E.F AI Product Design Thinking
AI product design starts with the user problem, not the model capability. A feature is worth building only when value, cost, risk, and user experience can be explained.
See the Decision Loop First


The first product habit is to make trade-offs explicit before implementation starts.
Run a Tiny Prioritization Score
ideas = [
{"name": "AI Tutor", "value": 9, "cost": 6, "risk": 4, "ux": 8},
{"name": "AI Customer Service", "value": 8, "cost": 5, "risk": 5, "ux": 7},
{"name": "AI Code Review", "value": 7, "cost": 4, "risk": 6, "ux": 6},
{"name": "AI Medical Diagnosis", "value": 9, "cost": 8, "risk": 9, "ux": 5},
]
def score(item):
return round(
item["value"] * 0.45
+ (10 - item["cost"]) * 0.2
+ (10 - item["risk"]) * 0.2
+ item["ux"] * 0.15,
2,
)
def decision(item):
if item["risk"] >= 8:
return "do_not_launch"
return "pilot" if item["score"] >= 6 else "wait"

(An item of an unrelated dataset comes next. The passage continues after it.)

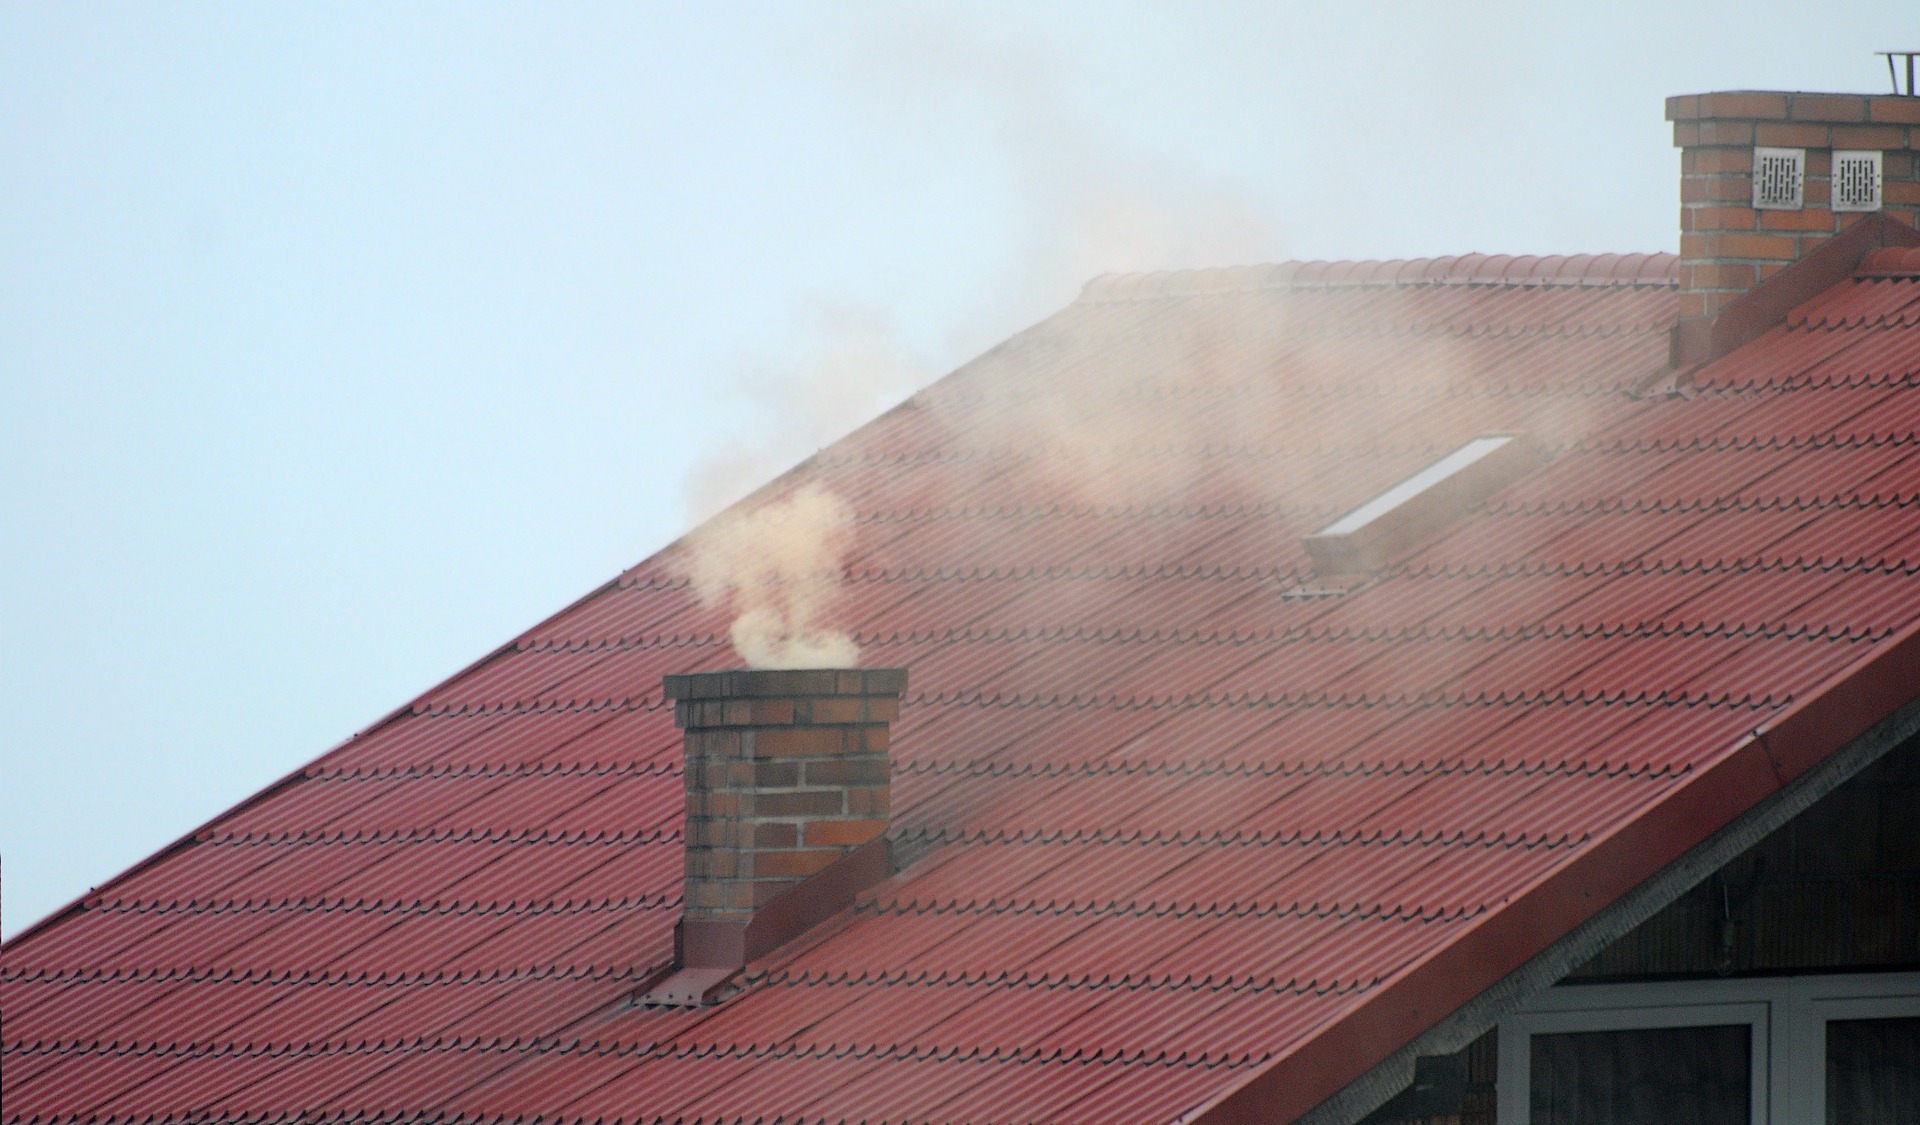 Zdjęcie przedstawia czerwony dach na budynku. Na dachu znajduje się komin, z którego wydobywa się dym. Zdjęcie: Pixabay

ranked = sorted(({**item, "score": score(item)} for item in ideas), key=lambda item: item["score"], reverse=True)
for item in ranked:
print(item["name"], "score=", item["score"], "decision=", decision(item))
Expected output:
AI Tutor score= 7.25 decision= pilot
AI Customer Service score= 6.65 decision= pilot
AI Code Review score= 6.05 decision= pilot
AI Medical Diagnosis score= 5.4 decision= do_not_launch
The numbers are not final truth. They force you to say what you are optimizing for and where launch should be blocked.
Product Checklist
| Question | Good Answer |
|---|---|
| Who is stuck? | A specific user group and task |
| What improves? | Completion rate, time saved, quality, or cost |
| What can go wrong? | Risk boundary and human fallback |
| What proves progress? | A metric or user test result |
Pass Check
You pass this elective when you can score one AI feature idea, explain the trade-off, define a success metric, and name one condition where the feature should not launch.